In a time when higher insurance rates and nuclear verdicts are taking a toll on fleets, Hendtrickson Director of Engineering David Gonska said carriers could “absolutely” benefit from more training.
“Regardless if your position is within a maintenance shop or anywhere within the fleet, or within the trucking industry as a whole, I don’t think you can train your people enough,” Gonska said. “Whether it’s the technician on how to perform the latest maintenance practice on the latest product or someone in the office learning how to more thoroughly analyze their logistics data to understand what their total cost of ownership is for a particular part. We can all always benefit from more training.”
Gonska and a colleague learned first-hand at a shop how a lack of training can sometimes be painfully on display.
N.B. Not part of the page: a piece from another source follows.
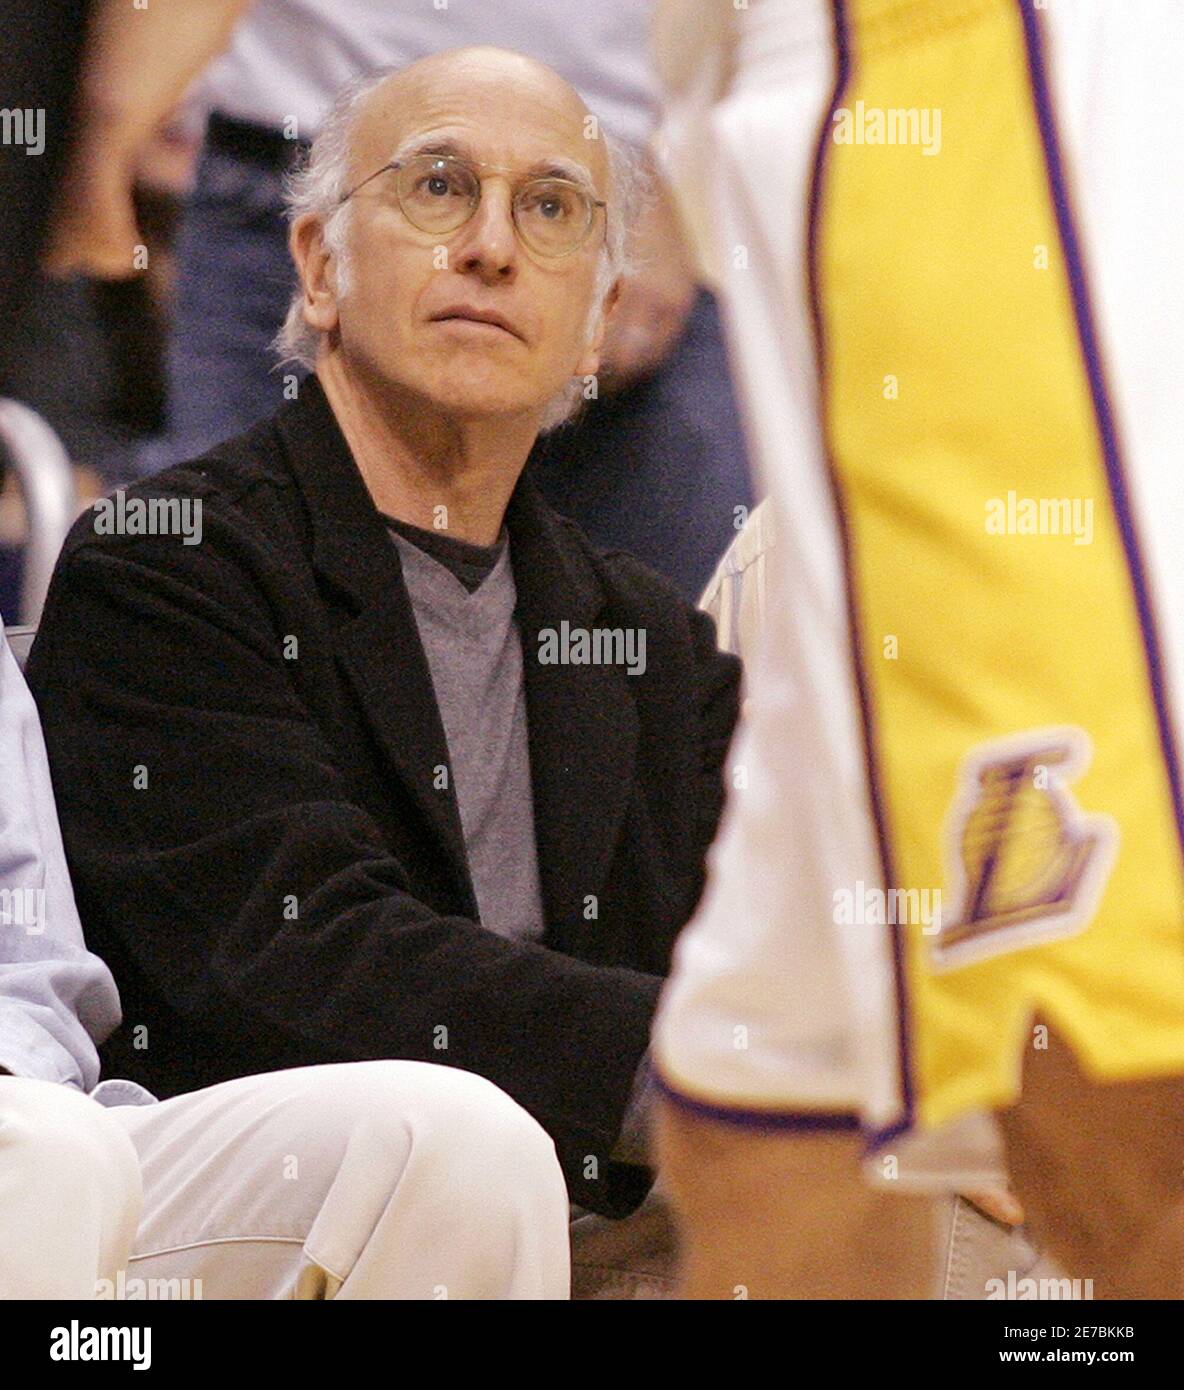 Actor and comedian Larry David, creator of the television programmes 'Seinfeld' and 'Curb Your Enthusiasm', watches the NBA game between the Los Angeles Lakers and the Chicago Bulls in Los Angeles November 20, 2005. The Bulls won 96-93. REUTERS/Danny Moloshok Stock Photo

“We wanted to check some torques and we asked a technician there for a torque wrench and he goes, ‘What’s that?’” Gonska said.
After describing the tool, the tech realized what it was and said it was locked up and that he’d have to find the key.
“He comes back 15 minutes later with the torque wrench and the first thing I do is look at the calibration sticker on the wrench and it hasn’t been calibrated in three or four years. Those practices are out there,” Gonska said.
“So there’s definitely a need for training and I think you have some shops that are very good at it and others that certainly have an opportunity to improve,” Gonska added. “Going to events like TMC (ATA’s Technology Maintenance Council) is an invaluable way of attaining that information and that knowledge.”